-Only a petty mind, an artist who at most speaks and dresses as such, looks solely for people in whom he recognizes the harmonious proportions of allegorical figures. For the true artist, as for the natural scientist, every type is interesting, and even the smallest muscle has its importance.- —Marcel Proust Long overlooked in Proust's posthumously published writings, Chardin and Rembrandt, written when he was only 24 years old, not only reemphasizes the importance of visual art to his development, but contains the seeds of his later work. Submitted in 1895 by Proust to the newspaper Revue hebdomadaire (it was rejected), this essay is much more than a straightforward piece of art criticism. It is a literary experiment in which an unnamed narrator gives advice to a young man suffering from melancholy, taking him on an imaginary tour through the Louvre where his readings of Chardin imbue the everyday world with new meaning, and his ruminations on Rembrandt take his melancholic pupil beyond the realm of mere objects. Published for the first time as a stand-alone volume and newly translated, this edition, part of the David Zwirner Books ekphrasis series, aims to introduce a wider audience to one of Proust's most important pieces on art. -For the true artist, - as Proust writes, -as for the natural scientist, every type is interesting, and even the smallest muscle has its importance.- The same could be said of the author's own work—every essay has its own crucial place in the formation of his groundbreaking oeuvre. The afterword by renowned Proust scholar Alain Madeleine-Perdrillat, originally published in the French by Le Bruits du Temps, is an impassioned argument in favor of returning to the lost paths of Proust's early thinking. It sees, in the passage from Chardin's world of objects to Rembrandt's contemplative paintings, a movement toward the radical interiority for which Proust would later become widely celebrated as a novelist.
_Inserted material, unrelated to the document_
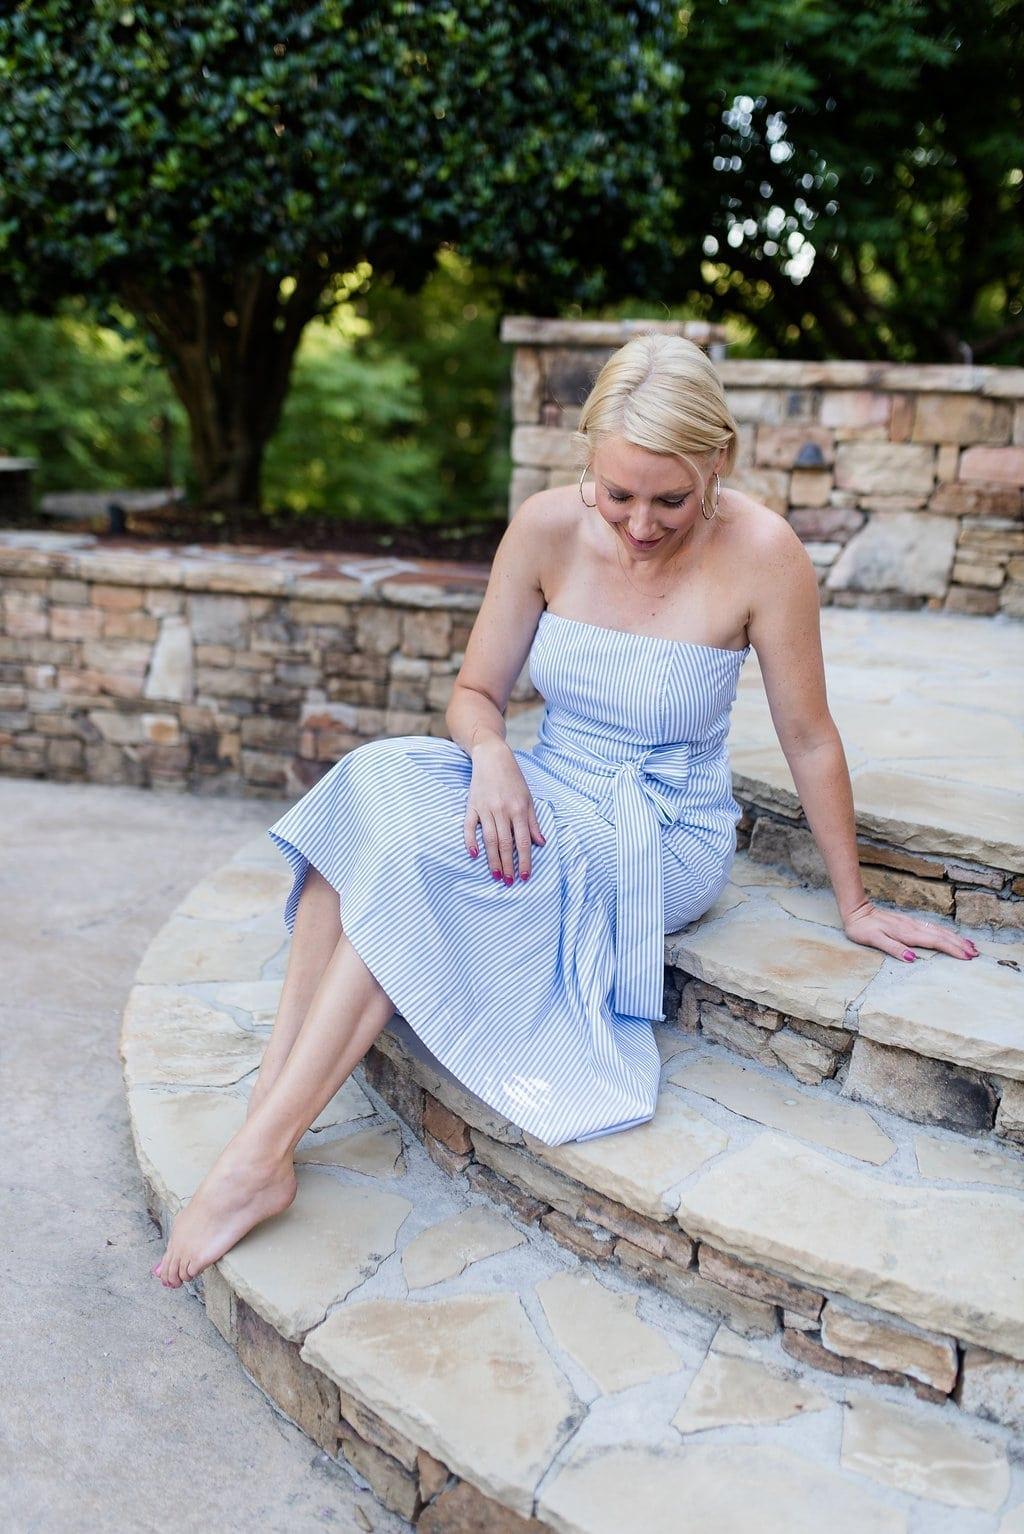 Strapless stripe dress. Pretty summer wedding outfit.

Written at the beginning of his literary career, Chardin and Rembrandt gestures back to some of Proust's earliest notes on art, while creating space for what was to come.
Author

Marcel Proust was a French novelist, best known for his 3000 page masterpiece À la recherche du temps perdu (Remembrance of Things Past or In Search of Lost Time), a pseudo-autobiographical novel told mostly in a stream-of-consciousness style. Born in the first year of the Third Republic, the young Marcel, like his narrator, was a delicate child from a bourgeois family. He was active in Parisian high society during the 80s and 90s, welcomed in the most fashionable and exclusive salons of his day. However, his position there was also one of an outsider, due to his Jewishness and homosexuality. Towards the end of 1890s Proust began to withdraw more and more from society, and although he was never entirely reclusive, as is sometimes made out, he lapsed more completely into his lifelong tendency to sleep during the day and work at night. He was also plagued with severe asthma, which had troubled him intermittently since childhood, and a terror of his own death, especially in case it should come before his novel had been completed. The first volume, after some difficulty finding a publisher, came out in 1913, and Proust continued to work with an almost inhuman dedication on his masterpiece right up until his death in 1922, at the age of 51. Today he is widely recognized as one of the greatest authors of the 20th Century, and À la recherche du temps perdu as one of the most dazzling and significant works of literature to be written in modern times.